Os espectros de emissão de fluorescência de ADN nativa humana (—) e DNA humano modificado com 1,515 mM de

N

-OH-AABP (-) [a]. espectros dicróico circular de DNA humano nativo (-) e

N

OH-AABP modificado DNA humano (—-) [b]

As mudanças na estrutura do DNA foram. avaliada por medições de elipticidade. O

N

-OH-AABP ADN modificado exibiu um desvio de 5 nm (275-280 nm) no sinal de CD juntamente com um aumento da elipticidade 5,57-9,27 MDEG (Figura 3B), indicando alterações estruturais em a molécula de ADN. O aumento da elipticidade corresponde a uma perda de 39,9% na estrutura de ADN após modificação. Esta perda estrutural pode ser devido a desempilhar de bases de ADN, como resultado da destabilização da hélice. As perturbações estruturais sugerem desdobramento de DNA, pode ser devido à geração de rupturas dos filamentos individuais.

Figura 4A e 4B mostram cromatogramas de HPLC representativos de amostras de ácido hidrolisado de nativo e

N

-OH- AABP modificado DNA humano, respectivamente. picos bem definidos no tempo de retenção 4,467 min, 7,332 min e 8.727 mínimo foram observadas no DNA humano nativo. No entanto, no caso de ADN modificado estes picos deslocado para 4,631 min, 7,443 min e 9,164 min, respectivamente, sugerindo a modificação das bases de ADN. O pico extra a um tempo de retenção de 22,029 minutos no hidrolisado ácido de ADN modificada é característica de dG-c8-4-PAF aducto, um marcador conhecido para ADN danificado por 4-PAF e

N

-OH- AABP [33]. A identificação da DG-c8-4-ABP aduto está de acordo com os relatórios publicados sobre ADN adutos com arilaminas em animais experimentais [15] – [17]. Similares de ADN adutos foram relatados nas amostras de biópsia de bexiga humana [18], [19].

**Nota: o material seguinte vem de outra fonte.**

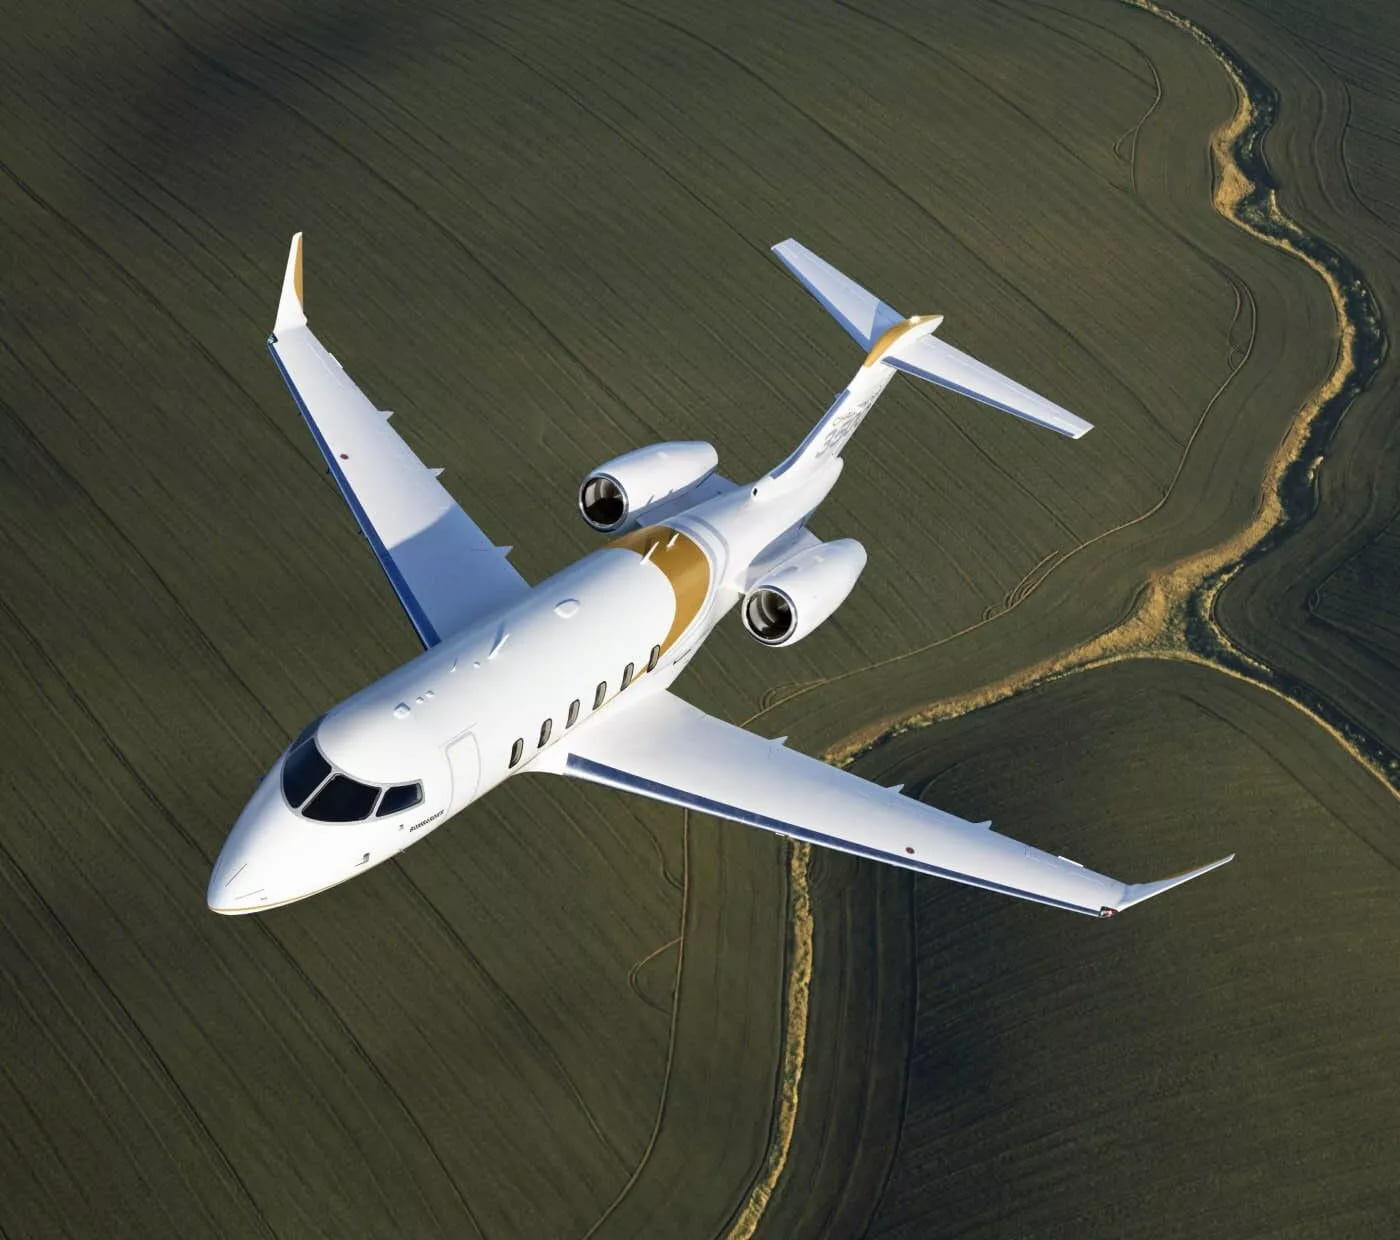 Challenger 3500: Superior comfort, technology, and range, delivering a luxurious and effortless private jet travel experience

cromatograma HPLC Representante do hidrolisado ácido de

N

OH-AABP modificado DNA humano [b].

coelhas imunizadas com

N

OH-AABP modificado DNA humano apresentaram resposta humoral vigorosa induzir anticorpos específicos título elevado de imunogénio. Os anticorpos induzidos experimentalmente foram utilizados como uma sonda para detectar imunoquímico

N

-OH-AABP ou arilaminas relacionados com lesões induzidas no ADN genómico de pacientes com cancro da bexiga. O padrão de ligação do DNA isolado de pacientes com câncer de bexiga foi bastante revelador no ensaio de inibição competitiva. A inibição da anti-

OH AABP DNA-IgG N por DNA de linfócitos de pacientes com cancro da bexiga foi gravado na faixa de 60,5% a 77,6%. Enquanto, a inibição causada por ADN de linfócitos de indivíduos saudáveis ​​normais foi bastante baixa (Tabela 2). Significativamente elevado reconhecimento do DNA de linfócitos de pacientes com cancro da bexiga pelos anticorpos induzida experimentalmente contra

N

DNA OH-AABP modificado é um indicador claro de partilha epitopo entre o DNA genômico de pacientes com câncer de bexiga e do DNA humano modificado

in vitro

pelo

N

OH-AABP. Isso leva à conclusão de que

N

OH-AABP ou uma arilamina relacionada, gera neo-epítopos na molécula de DNA que são reconhecidos como ‘

alien’ ou

não auto

pelo sistema imunológico, resultando na geração de auto-anticorpos em pacientes com câncer de bexiga. Significativamente elevado nível de reconhecimento do ADN genómico de pacientes com câncer de bexiga, os anticorpos induzidos experimentalmente contra

N

OH-AABP modificado DNA humano é uma evidência para o envolvimento das bases modificadas e regiões de fita simples na patogênese da doença .

Agradecimentos

os autores agradecem o apoio de infra-estrutura da instalação de DST-FIST do Departamento.